## [Dataset excerpts]
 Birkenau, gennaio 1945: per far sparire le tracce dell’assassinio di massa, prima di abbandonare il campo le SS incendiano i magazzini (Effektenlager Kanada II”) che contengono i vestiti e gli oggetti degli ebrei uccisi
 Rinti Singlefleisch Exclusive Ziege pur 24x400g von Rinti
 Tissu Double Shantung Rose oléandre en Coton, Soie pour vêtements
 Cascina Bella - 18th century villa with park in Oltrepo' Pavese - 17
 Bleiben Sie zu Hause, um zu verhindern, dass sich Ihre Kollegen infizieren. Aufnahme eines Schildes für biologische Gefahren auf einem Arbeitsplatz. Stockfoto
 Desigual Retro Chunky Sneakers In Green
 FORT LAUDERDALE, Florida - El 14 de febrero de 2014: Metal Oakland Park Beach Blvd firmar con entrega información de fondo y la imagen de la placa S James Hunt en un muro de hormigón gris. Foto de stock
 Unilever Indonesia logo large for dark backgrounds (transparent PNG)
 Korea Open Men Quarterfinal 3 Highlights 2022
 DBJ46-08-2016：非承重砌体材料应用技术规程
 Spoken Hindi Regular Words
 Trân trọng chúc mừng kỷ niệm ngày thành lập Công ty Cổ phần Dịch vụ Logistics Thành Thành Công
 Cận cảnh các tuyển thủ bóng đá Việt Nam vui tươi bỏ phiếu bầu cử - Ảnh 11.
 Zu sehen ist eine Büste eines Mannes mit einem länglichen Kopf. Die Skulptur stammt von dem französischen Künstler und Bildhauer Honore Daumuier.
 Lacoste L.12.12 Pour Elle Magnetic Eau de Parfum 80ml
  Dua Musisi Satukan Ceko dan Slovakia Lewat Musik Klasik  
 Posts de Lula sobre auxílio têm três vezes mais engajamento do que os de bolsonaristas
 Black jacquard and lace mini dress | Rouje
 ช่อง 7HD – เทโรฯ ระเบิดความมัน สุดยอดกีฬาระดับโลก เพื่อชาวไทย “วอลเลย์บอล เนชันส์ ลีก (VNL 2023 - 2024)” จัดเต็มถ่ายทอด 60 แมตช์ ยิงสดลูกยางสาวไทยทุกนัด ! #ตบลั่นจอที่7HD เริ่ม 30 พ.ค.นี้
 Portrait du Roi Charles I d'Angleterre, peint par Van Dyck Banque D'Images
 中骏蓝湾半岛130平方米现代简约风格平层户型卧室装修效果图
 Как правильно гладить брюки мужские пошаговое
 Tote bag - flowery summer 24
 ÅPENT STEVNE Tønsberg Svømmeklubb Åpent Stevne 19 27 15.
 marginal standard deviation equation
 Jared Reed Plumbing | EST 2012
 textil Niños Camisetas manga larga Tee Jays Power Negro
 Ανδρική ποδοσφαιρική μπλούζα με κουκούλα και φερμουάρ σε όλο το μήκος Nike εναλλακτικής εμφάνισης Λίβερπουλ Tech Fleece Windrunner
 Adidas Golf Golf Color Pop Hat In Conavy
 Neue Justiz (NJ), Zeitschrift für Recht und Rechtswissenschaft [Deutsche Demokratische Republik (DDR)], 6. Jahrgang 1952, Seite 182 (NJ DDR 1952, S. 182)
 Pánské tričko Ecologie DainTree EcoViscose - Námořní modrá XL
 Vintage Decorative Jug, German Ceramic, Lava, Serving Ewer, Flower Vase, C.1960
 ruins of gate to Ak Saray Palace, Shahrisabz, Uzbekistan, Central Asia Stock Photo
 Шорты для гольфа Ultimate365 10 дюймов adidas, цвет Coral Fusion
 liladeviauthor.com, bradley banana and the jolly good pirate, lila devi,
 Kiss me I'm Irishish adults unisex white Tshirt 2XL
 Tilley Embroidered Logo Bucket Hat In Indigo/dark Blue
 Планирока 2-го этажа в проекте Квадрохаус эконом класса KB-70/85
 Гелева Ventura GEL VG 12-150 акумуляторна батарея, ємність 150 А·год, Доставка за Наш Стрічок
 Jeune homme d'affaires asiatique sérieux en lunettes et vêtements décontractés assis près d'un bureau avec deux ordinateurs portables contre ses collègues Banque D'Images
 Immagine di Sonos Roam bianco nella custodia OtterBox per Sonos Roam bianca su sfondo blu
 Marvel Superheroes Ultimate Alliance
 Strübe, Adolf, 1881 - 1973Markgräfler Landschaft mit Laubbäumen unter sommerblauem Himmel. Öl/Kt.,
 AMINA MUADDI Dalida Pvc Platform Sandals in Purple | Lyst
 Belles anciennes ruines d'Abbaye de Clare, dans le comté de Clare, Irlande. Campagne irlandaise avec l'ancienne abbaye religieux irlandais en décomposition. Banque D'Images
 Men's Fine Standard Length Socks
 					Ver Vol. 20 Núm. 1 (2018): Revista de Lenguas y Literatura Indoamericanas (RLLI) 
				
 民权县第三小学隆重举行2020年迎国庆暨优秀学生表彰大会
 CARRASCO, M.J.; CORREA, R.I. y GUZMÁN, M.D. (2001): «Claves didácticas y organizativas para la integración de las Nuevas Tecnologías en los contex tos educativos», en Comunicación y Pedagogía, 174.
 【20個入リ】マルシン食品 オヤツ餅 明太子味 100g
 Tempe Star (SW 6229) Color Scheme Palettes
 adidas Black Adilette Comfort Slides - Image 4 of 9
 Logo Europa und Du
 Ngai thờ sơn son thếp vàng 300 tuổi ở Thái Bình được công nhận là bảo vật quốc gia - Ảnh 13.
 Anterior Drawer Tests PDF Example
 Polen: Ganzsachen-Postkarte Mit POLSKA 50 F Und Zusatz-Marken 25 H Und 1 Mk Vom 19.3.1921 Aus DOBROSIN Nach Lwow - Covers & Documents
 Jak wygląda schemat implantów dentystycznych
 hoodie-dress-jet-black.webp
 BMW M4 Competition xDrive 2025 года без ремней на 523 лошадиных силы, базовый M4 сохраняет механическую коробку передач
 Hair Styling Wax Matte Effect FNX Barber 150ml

## [WORK ITEM]
An exact repeat of all the entries above is required.

## [TASK ANSWER]
 Birkenau, gennaio 1945: per far sparire le tracce dell’assassinio di massa, prima di abbandonare il campo le SS incendiano i magazzini (Effektenlager Kanada II”) che contengono i vestiti e gli oggetti degli ebrei uccisi
 Rinti Singlefleisch Exclusive Ziege pur 24x400g von Rinti
 Tissu Double Shantung Rose oléandre en Coton, Soie pour vêtements
 Cascina Bella - 18th century villa with park in Oltrepo' Pavese - 17
 Bleiben Sie zu Hause, um zu verhindern, dass sich Ihre Kollegen infizieren. Aufnahme eines Schildes für biologische Gefahren auf einem Arbeitsplatz. Stockfoto
 Desigual Retro Chunky Sneakers In Green
 FORT LAUDERDALE, Florida - El 14 de febrero de 2014: Metal Oakland Park Beach Blvd firmar con entrega información de fondo y la imagen de la placa S James Hunt en un muro de hormigón gris. Foto de stock
 Unilever Indonesia logo large for dark backgrounds (transparent PNG)
 Korea Open Men Quarterfinal 3 Highlights 2022
 DBJ46-08-2016：非承重砌体材料应用技术规程
 Spoken Hindi Regular Words
 Trân trọng chúc mừng kỷ niệm ngày thành lập Công ty Cổ phần Dịch vụ Logistics Thành Thành Công
 Cận cảnh các tuyển thủ bóng đá Việt Nam vui tươi bỏ phiếu bầu cử - Ảnh 11.
 Zu sehen ist eine Büste eines Mannes mit einem länglichen Kopf. Die Skulptur stammt von dem französischen Künstler und Bildhauer Honore Daumuier.
 Lacoste L.12.12 Pour Elle Magnetic Eau de Parfum 80ml
  Dua Musisi Satukan Ceko dan Slovakia Lewat Musik Klasik  
 Posts de Lula sobre auxílio têm três vezes mais engajamento do que os de bolsonaristas
 Black jacquard and lace mini dress | Rouje
 ช่อง 7HD – เทโรฯ ระเบิดความมัน สุดยอดกีฬาระดับโลก เพื่อชาวไทย “วอลเลย์บอล เนชันส์ ลีก (VNL 2023 - 2024)” จัดเต็มถ่ายทอด 60 แมตช์ ยิงสดลูกยางสาวไทยทุกนัด ! #ตบลั่นจอที่7HD เริ่ม 30 พ.ค.นี้
 Portrait du Roi Charles I d'Angleterre, peint par Van Dyck Banque D'Images
 中骏蓝湾半岛130平方米现代简约风格平层户型卧室装修效果图
 Как правильно гладить брюки мужские пошаговое
 Tote bag - flowery summer 24
 ÅPENT STEVNE Tønsberg Svømmeklubb Åpent Stevne 19 27 15.
 marginal standard deviation equation
 Jared Reed Plumbing | EST 2012
 textil Niños Camisetas manga larga Tee Jays Power Negro
 Ανδρική ποδοσφαιρική μπλούζα με κουκούλα και φερμουάρ σε όλο το μήκος Nike εναλλακτικής εμφάνισης Λίβερπουλ Tech Fleece Windrunner
 Adidas Golf Golf Color Pop Hat In Conavy
 Neue Justiz (NJ), Zeitschrift für Recht und Rechtswissenschaft [Deutsche Demokratische Republik (DDR)], 6. Jahrgang 1952, Seite 182 (NJ DDR 1952, S. 182)
 Pánské tričko Ecologie DainTree EcoViscose - Námořní modrá XL
 Vintage Decorative Jug, German Ceramic, Lava, Serving Ewer, Flower Vase, C.1960
 ruins of gate to Ak Saray Palace, Shahrisabz, Uzbekistan, Central Asia Stock Photo
 Шорты для гольфа Ultimate365 10 дюймов adidas, цвет Coral Fusion
 liladeviauthor.com, bradley banana and the jolly good pirate, lila devi,
 Kiss me I'm Irishish adults unisex white Tshirt 2XL
 Tilley Embroidered Logo Bucket Hat In Indigo/dark Blue
 Планирока 2-го этажа в проекте Квадрохаус эконом класса KB-70/85
 Гелева Ventura GEL VG 12-150 акумуляторна батарея, ємність 150 А·год, Доставка за Наш Стрічок
 Jeune homme d'affaires asiatique sérieux en lunettes et vêtements décontractés assis près d'un bureau avec deux ordinateurs portables contre ses collègues Banque D'Images
 Immagine di Sonos Roam bianco nella custodia OtterBox per Sonos Roam bianca su sfondo blu
 Marvel Superheroes Ultimate Alliance
 Strübe, Adolf, 1881 - 1973Markgräfler Landschaft mit Laubbäumen unter sommerblauem Himmel. Öl/Kt.,
 AMINA MUADDI Dalida Pvc Platform Sandals in Purple | Lyst
 Belles anciennes ruines d'Abbaye de Clare, dans le comté de Clare, Irlande. Campagne irlandaise avec l'ancienne abbaye religieux irlandais en décomposition. Banque D'Images
 Men's Fine Standard Length Socks
 					Ver Vol. 20 Núm. 1 (2018): Revista de Lenguas y Literatura Indoamericanas (RLLI) 
				
 民权县第三小学隆重举行2020年迎国庆暨优秀学生表彰大会
 CARRASCO, M.J.; CORREA, R.I. y GUZMÁN, M.D. (2001): «Claves didácticas y organizativas para la integración de las Nuevas Tecnologías en los contex tos educativos», en Comunicación y Pedagogía, 174.
 【20個入リ】マルシン食品 オヤツ餅 明太子味 100g
 Tempe Star (SW 6229) Color Scheme Palettes
 adidas Black Adilette Comfort Slides - Image 4 of 9
 Logo Europa und Du
 Ngai thờ sơn son thếp vàng 300 tuổi ở Thái Bình được công nhận là bảo vật quốc gia - Ảnh 13.
 Anterior Drawer Tests PDF Example
 Polen: Ganzsachen-Postkarte Mit POLSKA 50 F Und Zusatz-Marken 25 H Und 1 Mk Vom 19.3.1921 Aus DOBROSIN Nach Lwow - Covers & Documents
 Jak wygląda schemat implantów dentystycznych
 hoodie-dress-jet-black.webp
 BMW M4 Competition xDrive 2025 года без ремней на 523 лошадиных силы, базовый M4 сохраняет механическую коробку передач
 Hair Styling Wax Matte Effect FNX Barber 150ml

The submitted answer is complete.